For this exercise, repeat exactly the lines below starting at the line holding "novo Nissan Livina 2014 porta malas" and ending at the line holding "The Naked Hybrid System", both included, with no extra lines and no pictures.

▶ _SUPPLIED INFORMATION_:
____
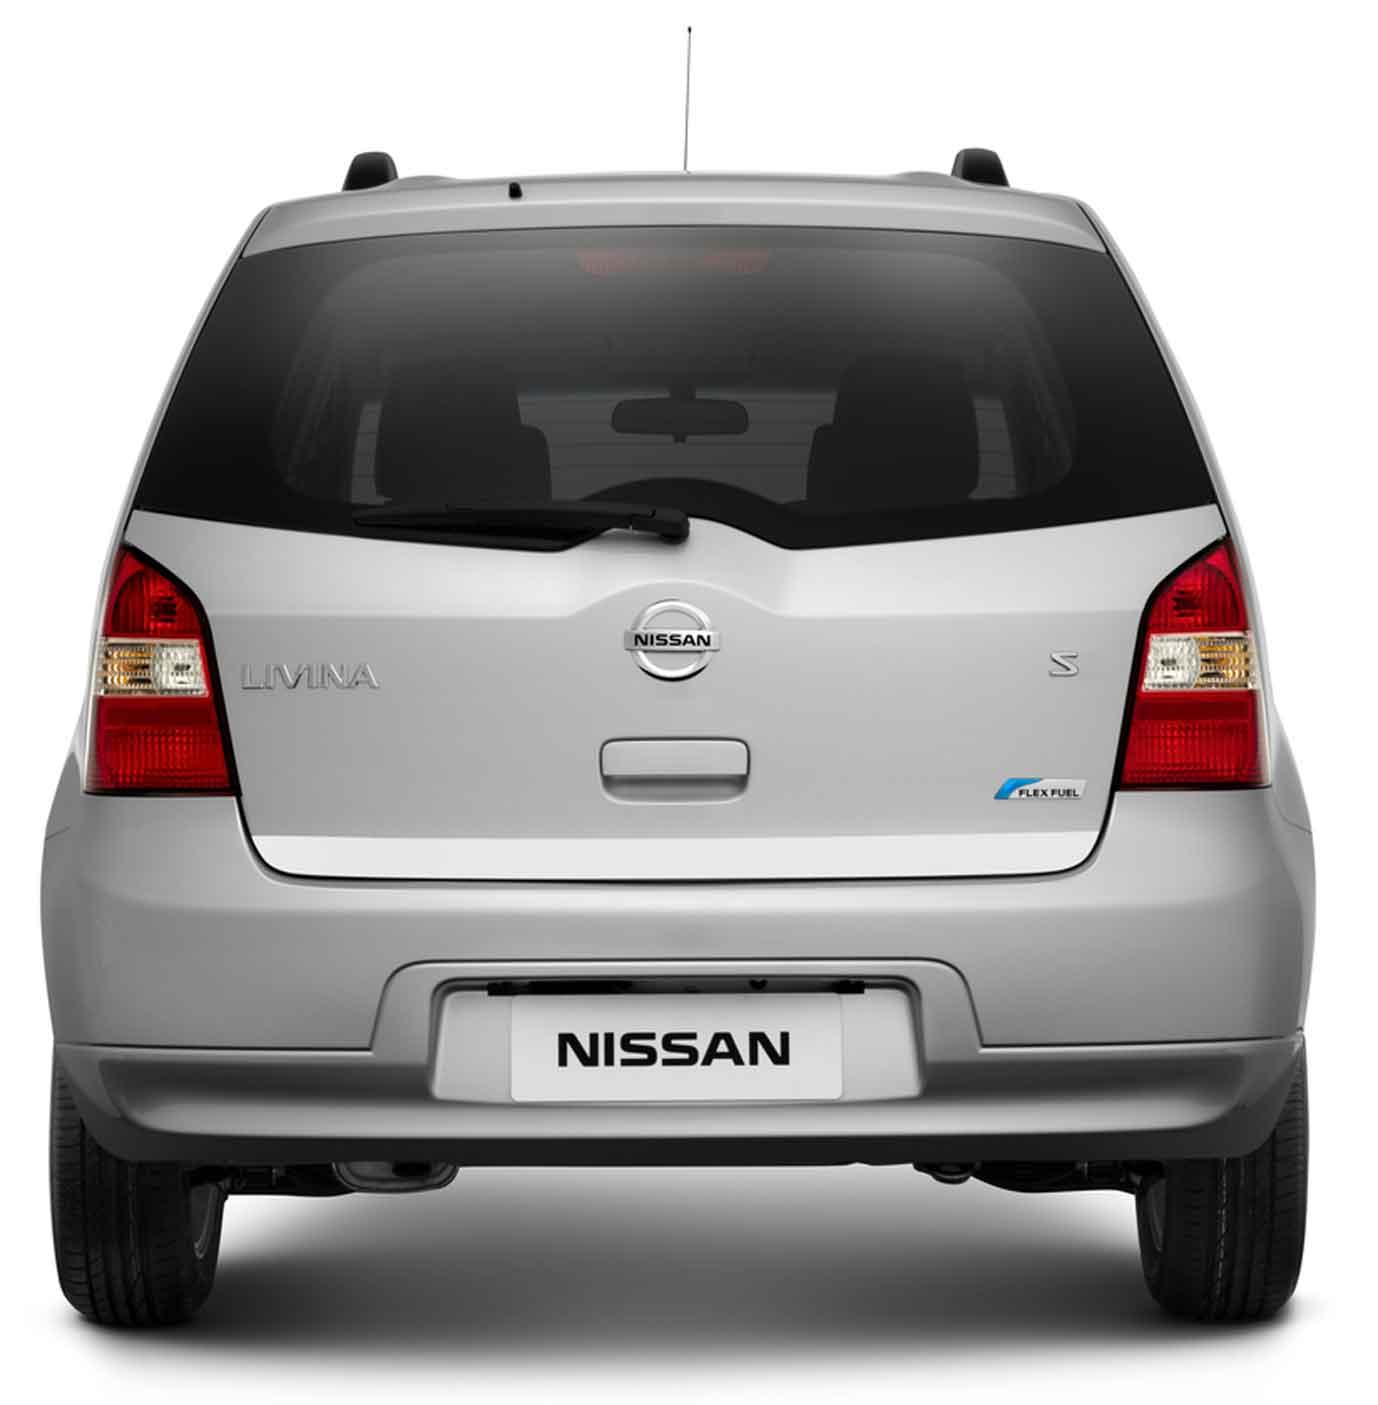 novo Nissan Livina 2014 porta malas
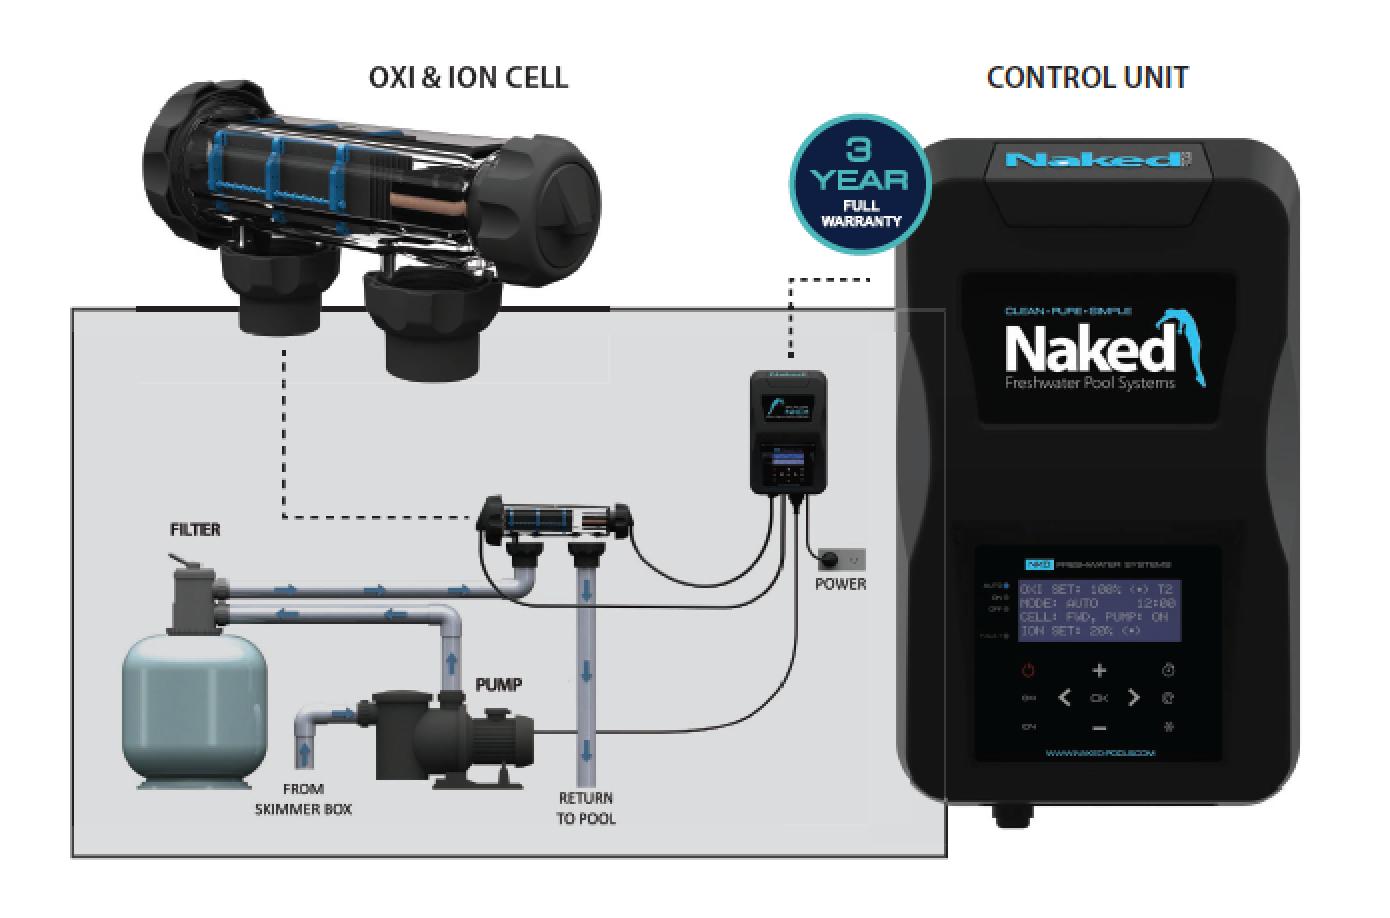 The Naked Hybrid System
____
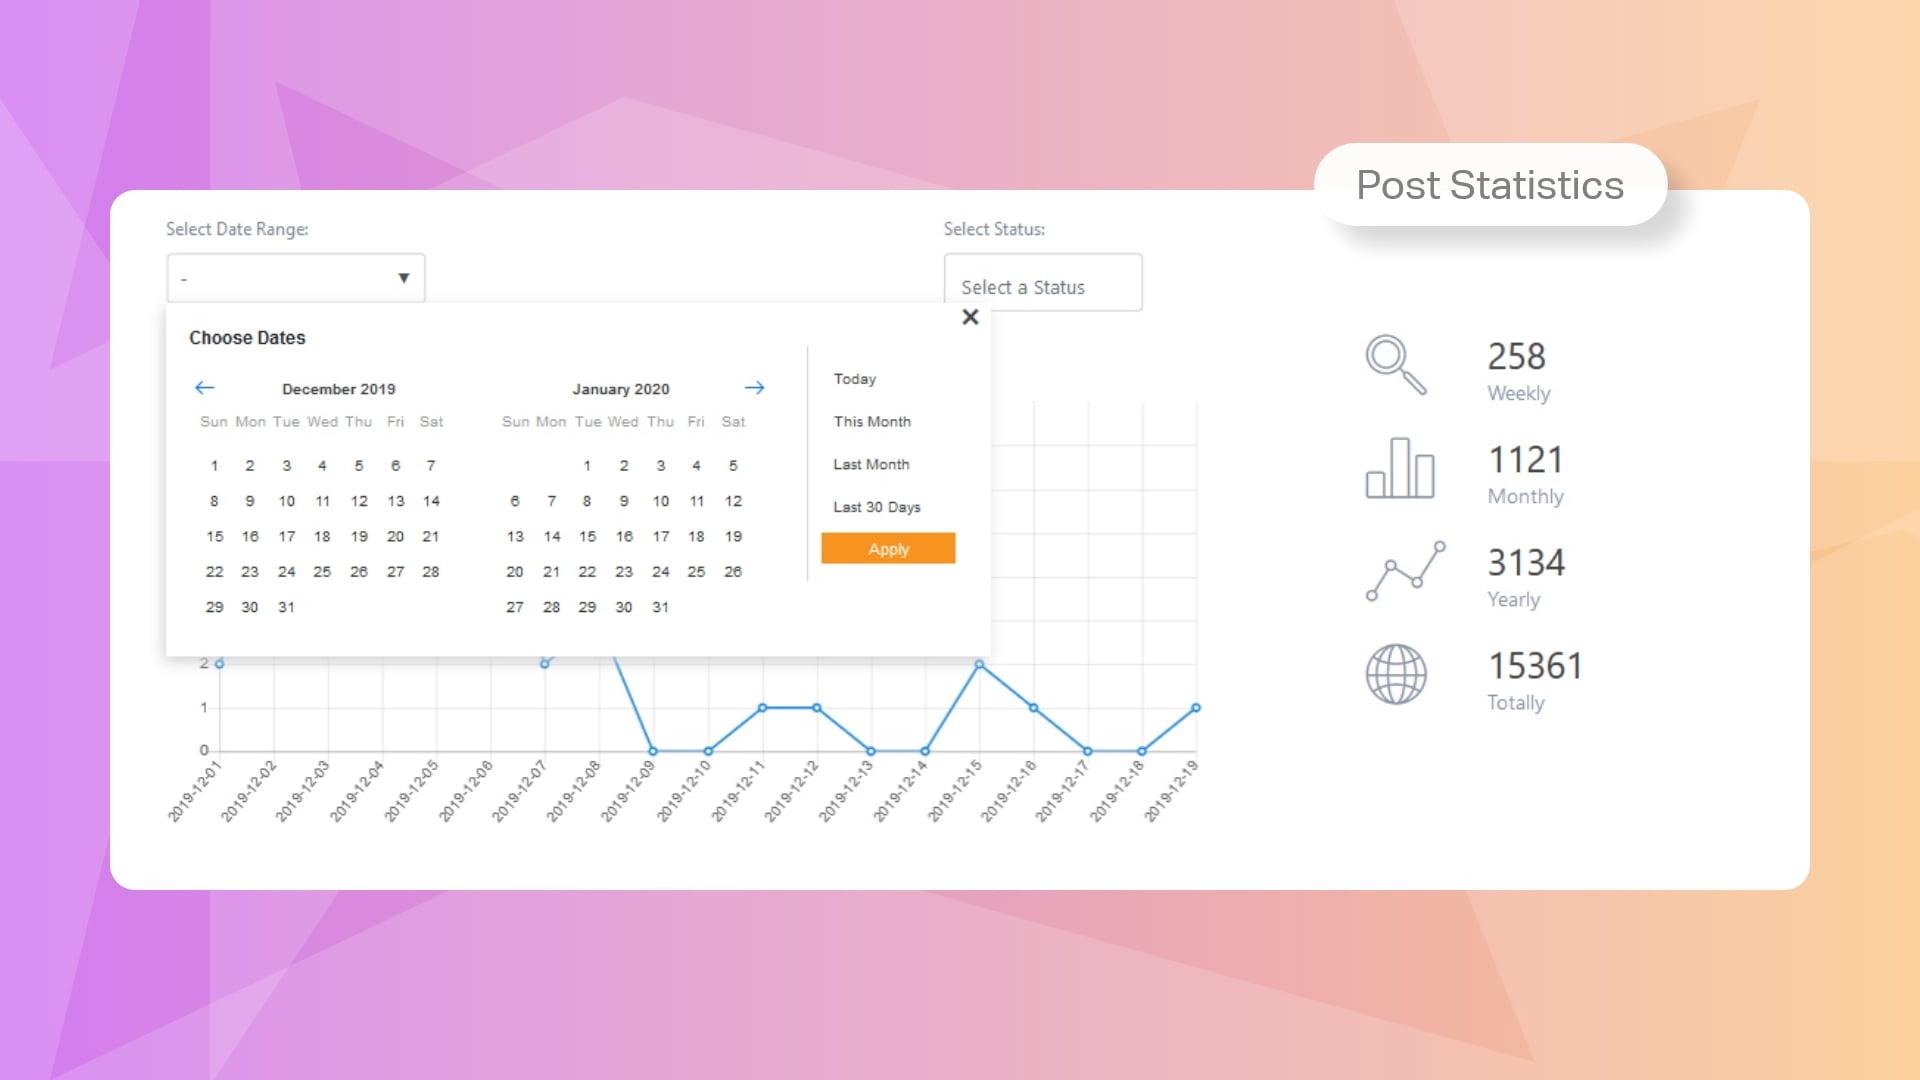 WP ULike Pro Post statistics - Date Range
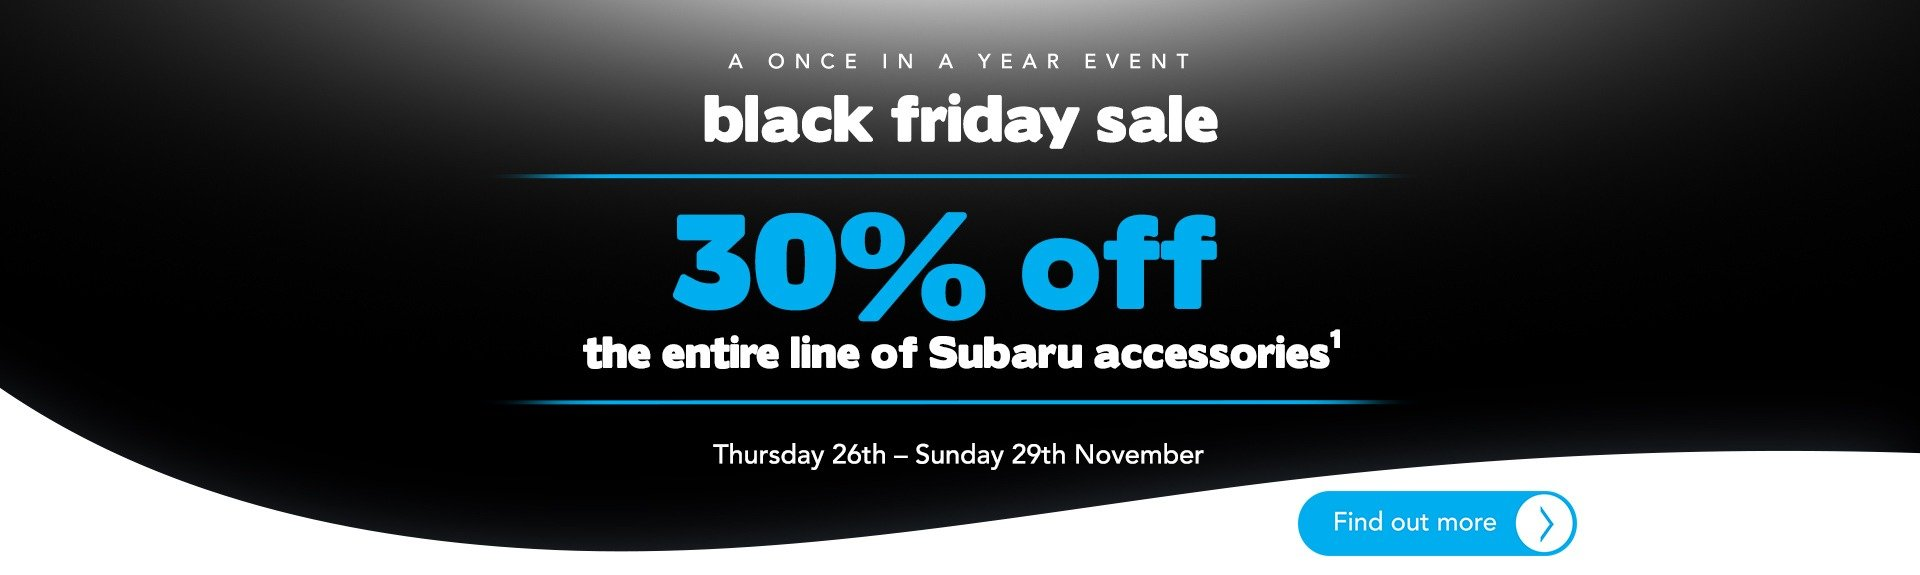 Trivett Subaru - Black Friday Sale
____
▶ _OUTPUT OF THE EXERCISE_:
 novo Nissan Livina 2014 porta malas
 The Naked Hybrid System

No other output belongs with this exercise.